I was looking at the Hadwiger Conjecture and the four color theorem, and tried to get a better grasp of what it really means to have a complete graph as minor. I wondered whether the following three statements are equivalent.
Let $G =(V, E)$ be a simple graph.
A). $G$ has the compleet graph $K_n$ as a minor
B). There exist a subset $V'\subset V$ containing n vertices, so that for each pair of vertices in $V'$, there exists a path connecting them, without crossing any third vertix of $V'$, and so that none of the $n*(n-1)/2$ paths intersect with another. (except for having a mutual start or end point).
C). There exist a subset V* containing n vertices, so that for each (of the $n!$ possible) orderings on the vertices of V*, there exist a path, that visits all vertices of V* in the given order.
It's obvious that B implies C if we define $V* = V'$. Furthermore, B implies A because we end up with $K_n$ if we contract all paths between pairs of V', and delete all other vertices and edges.

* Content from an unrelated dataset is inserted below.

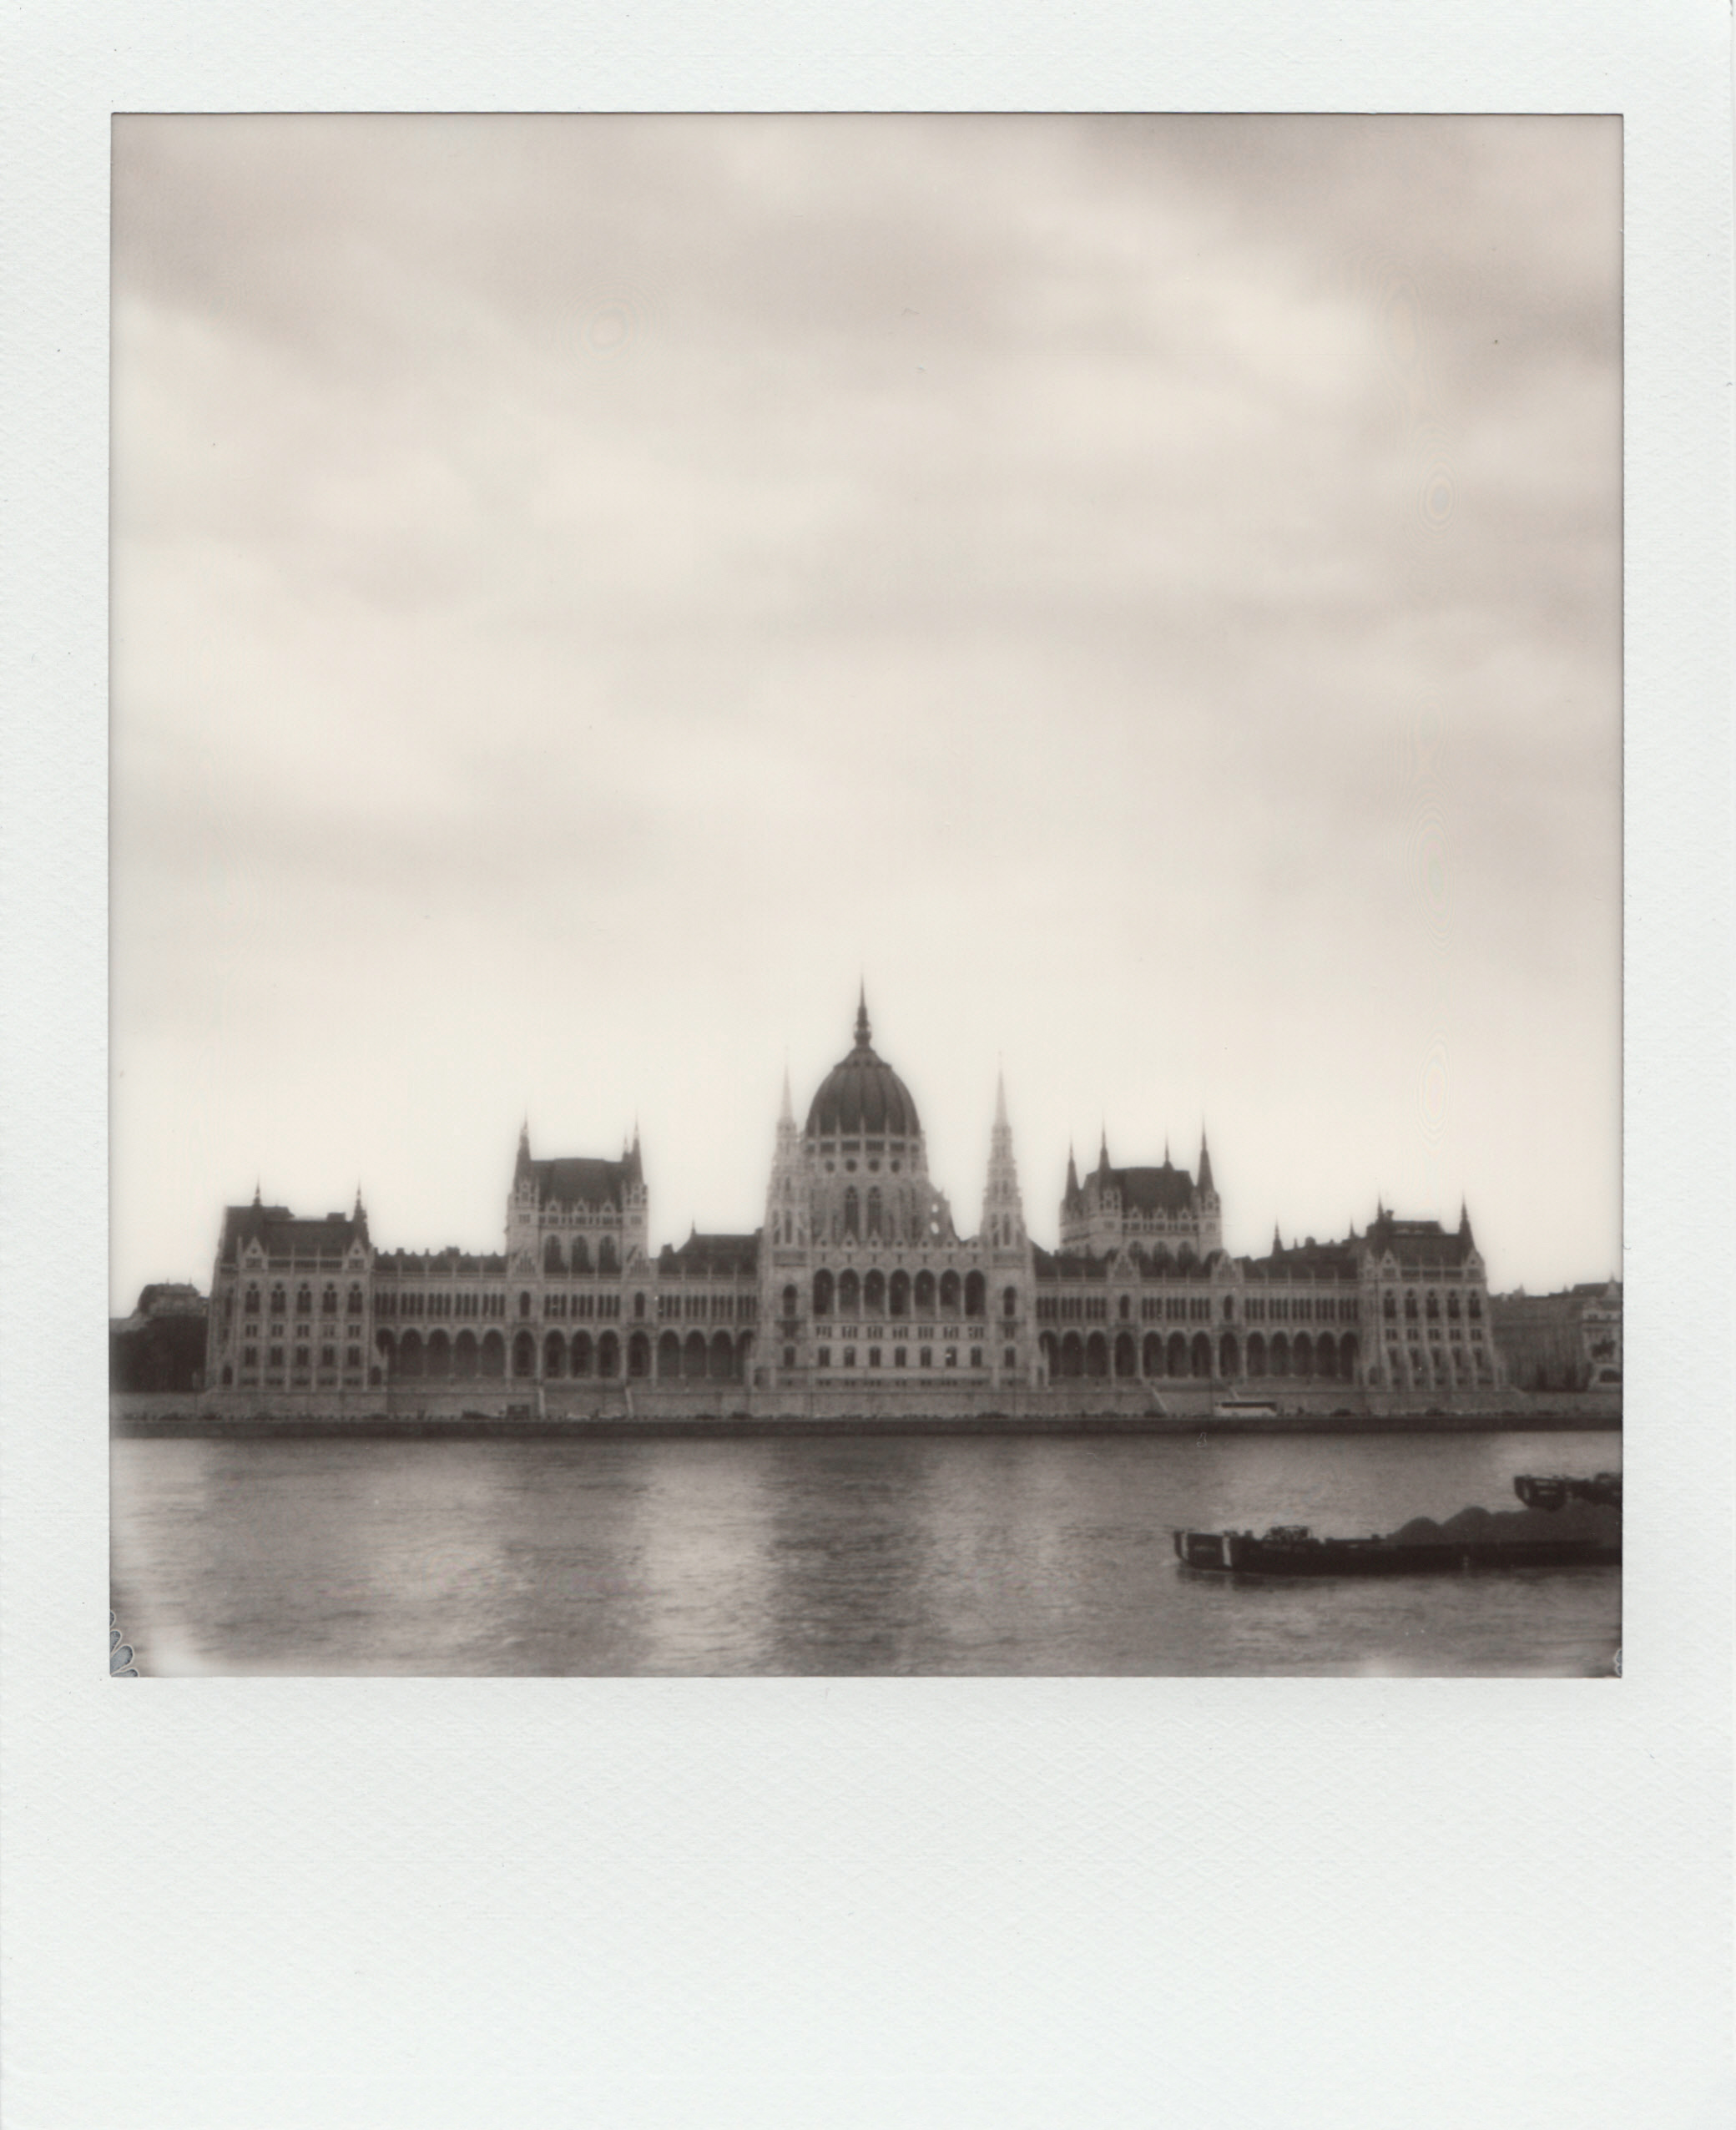 When In Budapest | SX-70 Alpha1 | Impossible Project Black and White SX-70 film | Ioana Taut
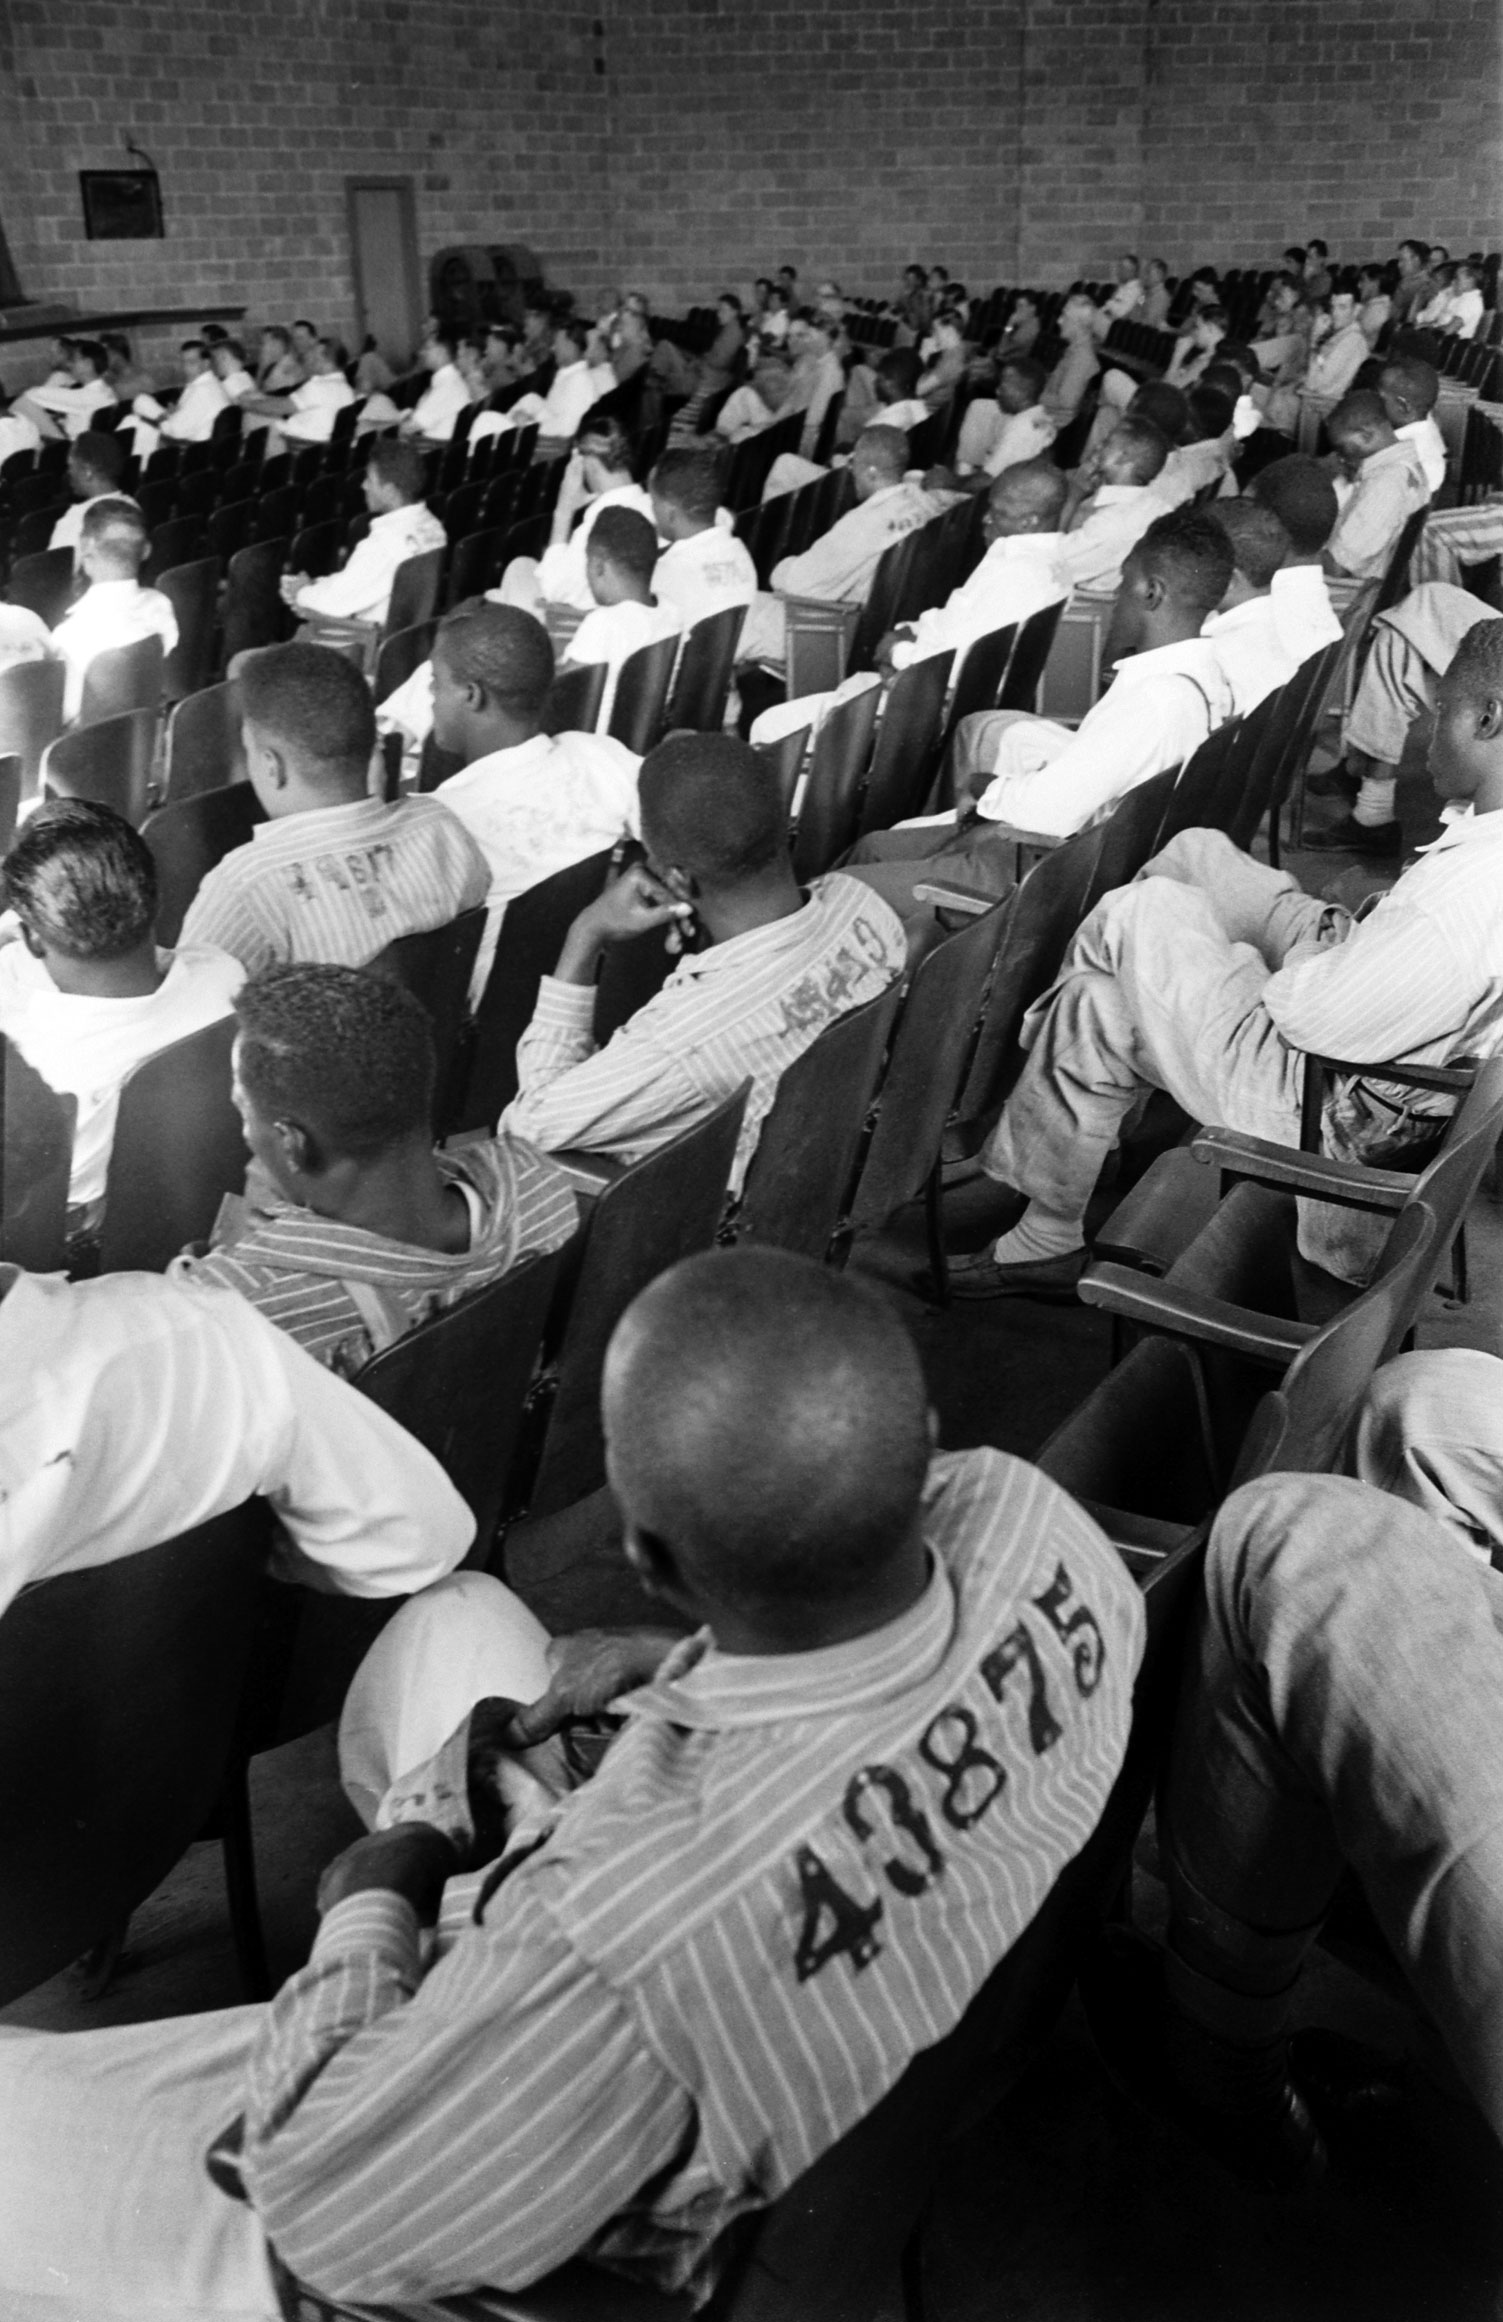 Prisoners at the Tennessee State Penitentiary auditorium, 1953.

C appears to be weaker than B, but not sure.
Thanks for your time
I re-read my answer, and my first statement was wrong. I corrected my answer:
A) and B) are not equivalent
A) is weaker than B) Let's take $K_5$. Let's take one of the vertices (of degree 4) and split it into two vertices of degree 2 (by distributing the four adjacent edges) and link these two vertices by an edge. (so these vertices are degree 3). Obviously, this graph admits $K_5$ as a minor because contracting the added edge gives back $K_5$, but we can't find the $n(n-1)/2$ disjoint paths because we need to find four vertices of degree at least 4, which is not possible
C) is weaker than B): We can take $K_{n,n-1}$ with $V^*$ the set of vertices on one side of $K_{n,n-1}$. It is obvious that for each ordering on the vertices of $V^*$, there exists a path that visits all vertices of $V^*$ in the given order. For $n$ sufficiently large, B) will not be verified. We have to find $\frac{n(n-1)}{2}$ disjoint paths. We have at most $\left(\frac{n}{2}\right)^2$ paths of length 1 (if we distribute equally the $n$ vertices of $V'$ on both sides of $K_{n,n-1}$), so it remains a quadratic number of disjoint paths to find. There can be at most $n-1$ disjoint paths of length 2, because each path consumes at least on vertex outside of $V'$. This is not sufficient to get a quadratic number of disjoint paths.
Here is a graph that satisfy C) but not A) Take the graph of a hexagonal bipyramid (take two pyramids of pentagonal base and glue them by the base). It is planar, so by Wagner theorem, it does not have $K_5$ as a minor. Yet, if we let $V^*$ be the set composed of the two apices and three non-adjacent vertices of the hexagonal base, we can easily verify that we can find a path through any order of these 5 vertices.
Here is a graph that satisfy A) but not C) The Peterson graph admits $K_5$ as a minor. However, it does not satisfy C). It can be a bit tedious to check this, here how I did it rather concisely: We take the petersen graph in its classical representation, with a star inside a pentagon. Let $V^*$ be a set of vertices of sze $5$. We know that either the pentagon or the star contains at least 3 vertices of $V^*$. Because there is an automorphism exchanging the pentagon and the star, we can suppose WLOG that the pentagon has at least 3 vertices of $V*$. Lets number vertices of the pentagon $1,2, ..., 5$ in the clockwise order, and vertices of the star $a, b, ..., e$ in the clockwise order, so that $1$ is adjacent to $a$ (and $2$ is adjacent to $b$, ...).
Suppose the pentagon have 3 consecutive vertices in $V^*$ (WLOG, 1, 2 and 3). It is impossible to find a path of the form $13x2x$ (where $x$ can denotes any other vertices), so C) is not verified. Thus the pentagon must have 3 non-consecutive vertices (WLOG 1,2 and 4). Suppose $a$ is in $V*$. Any path of the form $4a21x$ is impossible, so $a$, (and by symetry $b$) are not in $V^*$.
Two non-equivalent cases remain for $V^*$: $\{1, 2, 4, c, d\}$ and $\{1, 2, 4, c, e\}$, and are ruled out by the orders $14c2d$ and $1e42c$. (Technically, we can argue these two cases are equivalent under graph automorphism, but its harder to find).